Wednesday, April 4, 2012

Limbo

As the weeks draw nearer to my departure, I have begun to experience a multitude of emotions simultaneously, with the exception of depression or anger. I am sure it is what is expected, especially during this period of limbo, though I am certain the magnitude of my emotions will increase exponentially as the number of days separating me and my new life dwindles.

There is no possible way to ever truly prepare myself for going into the Peace Corps, but one of the main things I can do is to go in with the right mentality: to have an open mind and an open heart.
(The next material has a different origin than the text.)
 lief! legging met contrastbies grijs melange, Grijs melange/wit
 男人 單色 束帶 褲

Although simple-sounding, I cannot stress enough how important it is for me to keep my mind and eyes open. This is going to be a life-changing experience and the worst thing that I could do is to shut myself from what is opening up in front of me - culture, knowledge, a portal into a unique frame of reference. I hope to squeeze every bit of my experience and soak it up like a sponge. You never know when you're going to need the skills you gain, however random they may seem, and I am quite confident that what I learn will undoubtedly be used in my future.
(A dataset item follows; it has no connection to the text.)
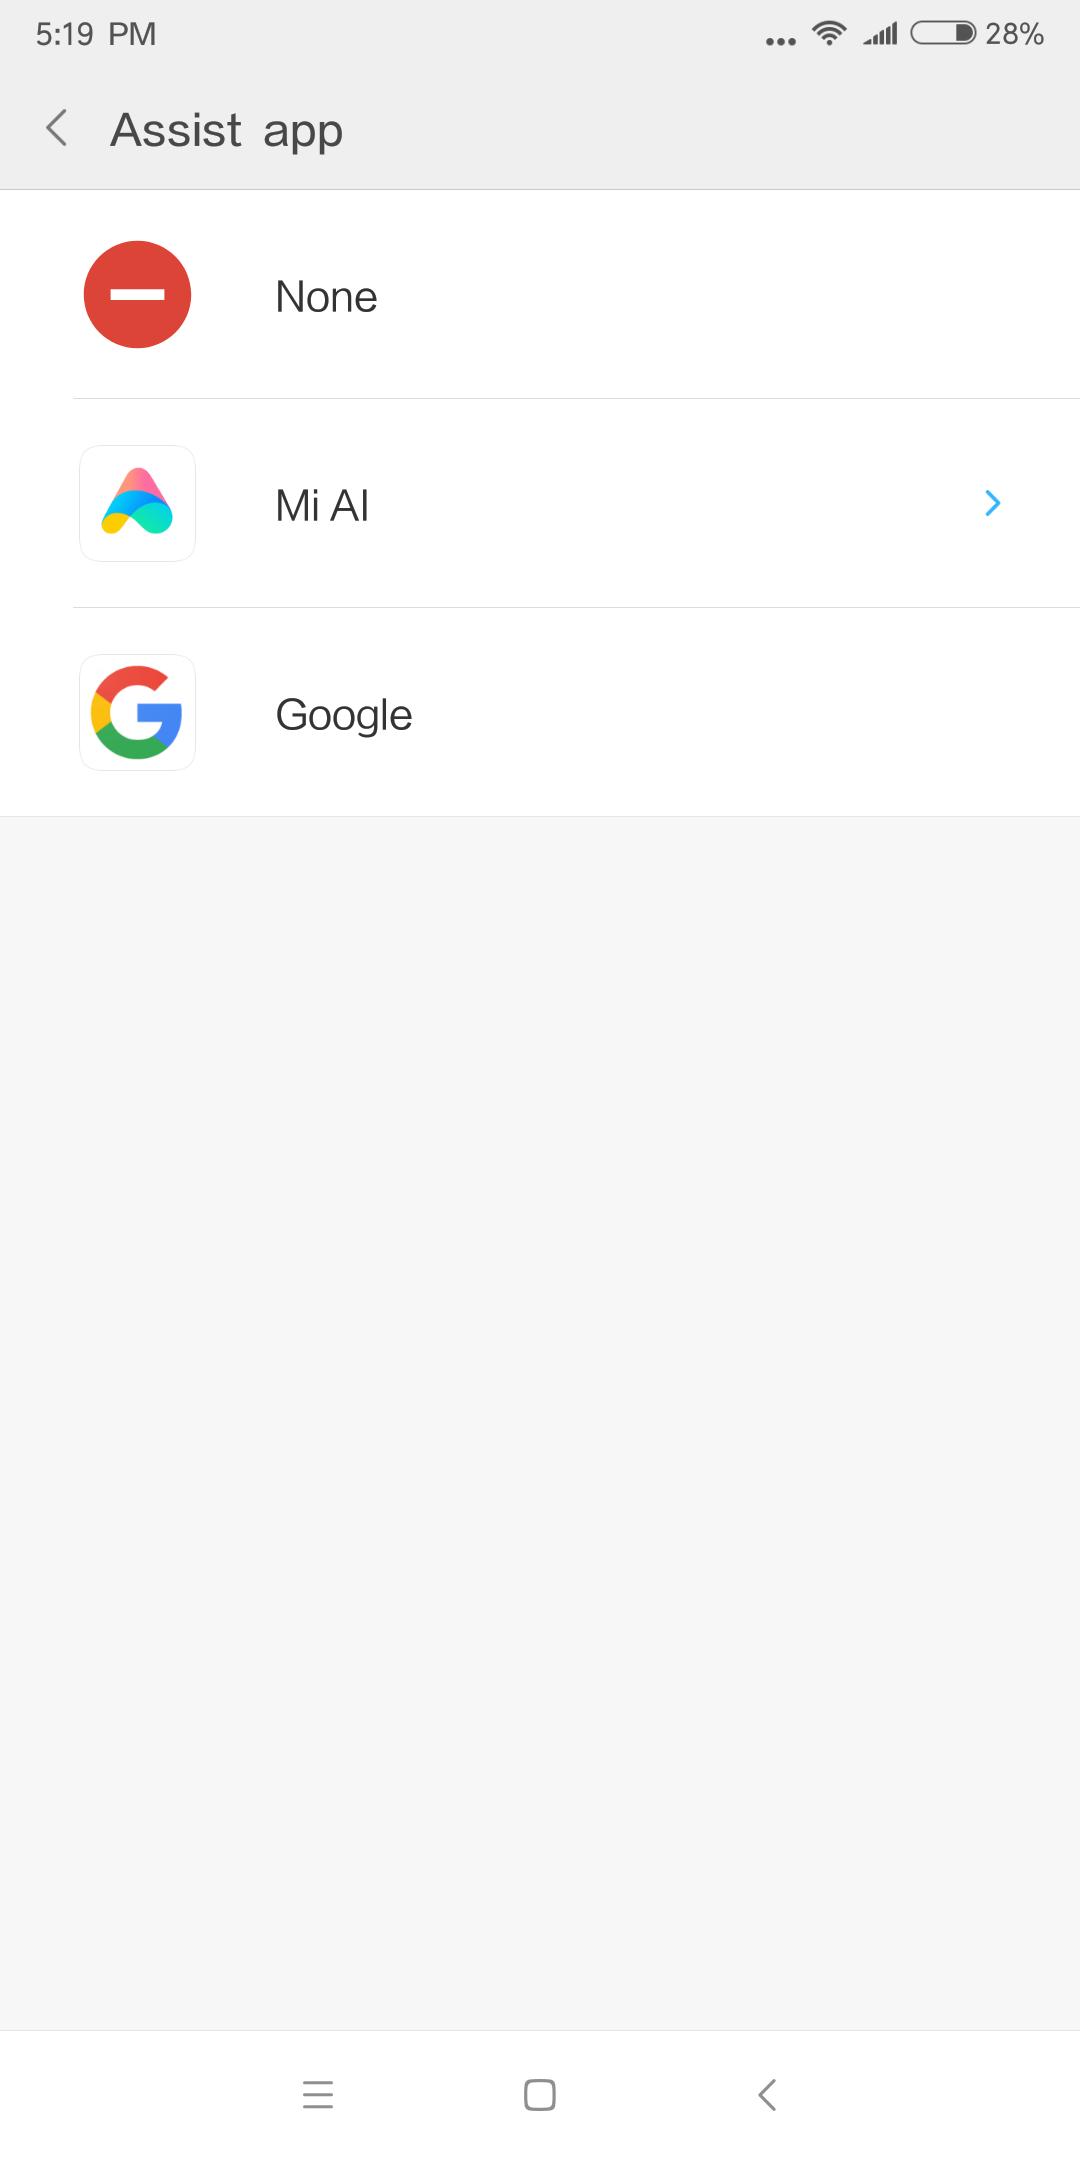 Xiaomi Mi Max 3 ai assistent

Pardon my digression, but this is one of the longest, yet shortest, waiting periods I have ever gone through. It is exactly two months from today when I will be departing to Staging... While I am itching to jump on the plane and go already, I cannot imagine how bitter sweet it is going to be when I leave my beloved friends and family behind.

Luckily, this period of limbo has been cushioned by work and babies (my twin cousins), so I haven't been left to my idleness alone. :] Nevertheless, I am finding it harder to focus on anything completely. I am either at work and little thoughts pop into my head like, "I wonder how you say 'permit' in Swahili" or "how long will it be until I look at another P&ID", or I am at home watching a show or taking care of the babies and thinking "how much will I miss while I'm gone?" I can't really complain because I am keeping busy and surrounded by love, but I guess I just want to have more to say about where I am going than just "I am going to Tanzania."


Note: I won't actually know where in Tanzania I will be stationed until after training, once I am already in Tanzania.